Ex parte Sayre

Decision Date20 June 1892
Citation11 So. 378,95 Ala. 288
PartiesEX PARTE SAYRE ET AL.
CourtAlabama Supreme Court

Petition by H. A. Sayre and others for mandamus commanding the chancellor to set aside an order discharging an injunction. Petition granted on condition.

Roulhac & Nathan, for petitioners.

COLEMAN J.

A bill was brought by the petitioners, as assignees of Moses Bros. and the individual members of the firm, for the purpose of restraining the defendant from selling certain real estate under a power of sale contained in a mortgage executed by M L. Moses. The order for a provisional injunction was made by the judge of the city court of Montgomery before the filing of the bill, but the writ of injunction did not issue until after the bill was filed.

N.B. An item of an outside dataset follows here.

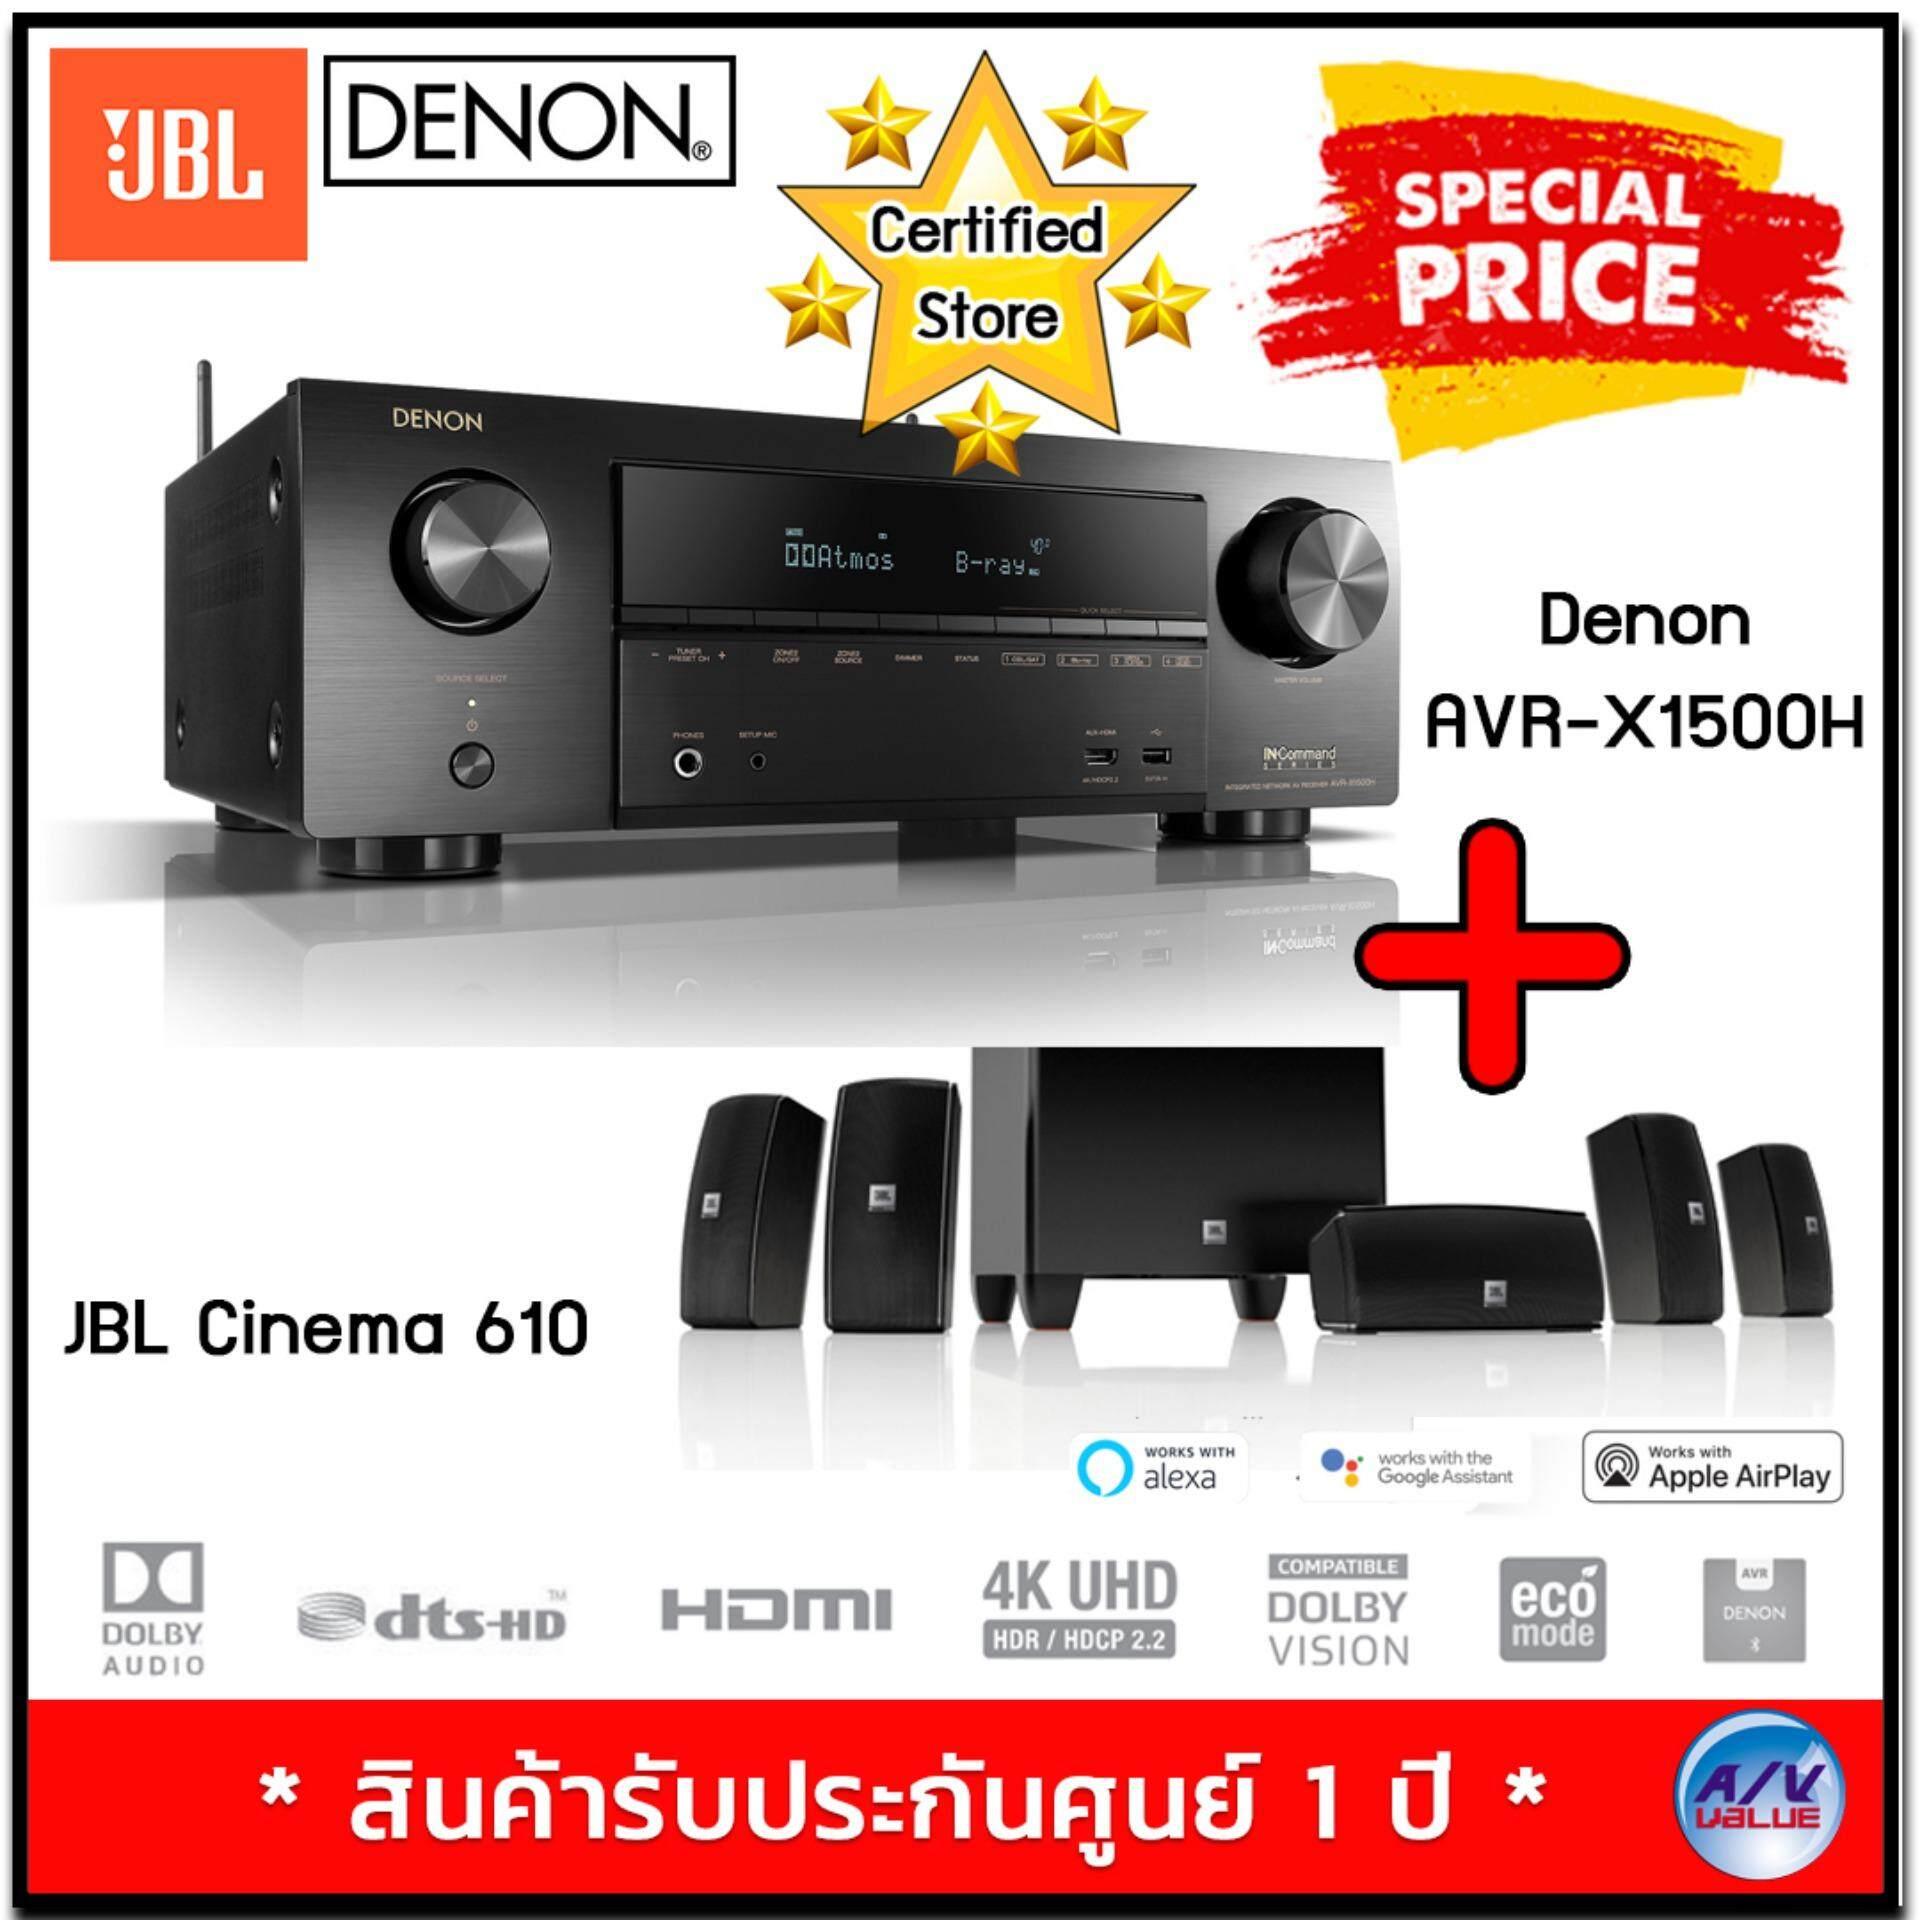 ลำพูน Denon AVR-X1500H 7.2 CH 80W 4K Ultra HD WiFi/Bluetooth AV Receiver + JBL CINEMA 610  Advanced 5.1 speaker system

The defendant, after answering made a motion to dissolve the injunction on the following grounds: First, that the answer denies the material allegations of the bill; second, that the bill is without equity; third, that the judge of the city court was without jurisdiction to make an order granting the injunction at the time it was made. The chancellor, being of the opinion that the bill contained equity, and that the denials of the answer were not sufficient to dissolve the injunction, did not dissolve the injunction on either of the first two grounds, but made an order discharging the injunction on the ground that the order for its issuance, having been made when no suit was pending, was void. This proceeding is an application by the complainants for a mandamus commanding the chancellor to set aside the order discharging the injunction. By the act creating the city court of Montgomery power is conferred upon the judge "to order the issue of writs of injunction, or any other writ or process, in any and every case in which, by the existing laws, a circuit judge might order the issue of any such like writ or process." Acts 1863, p. 121. By the laws then existing judges of the circuit court had, and now have, authority to grant writs of injunction, returnable into the courts of chancery, coextensive with the power exercised by chancellors. The question, therefore, is whether the order of a chancellor granting a temporary injunction before the bill is filed is void or a mere irregularity.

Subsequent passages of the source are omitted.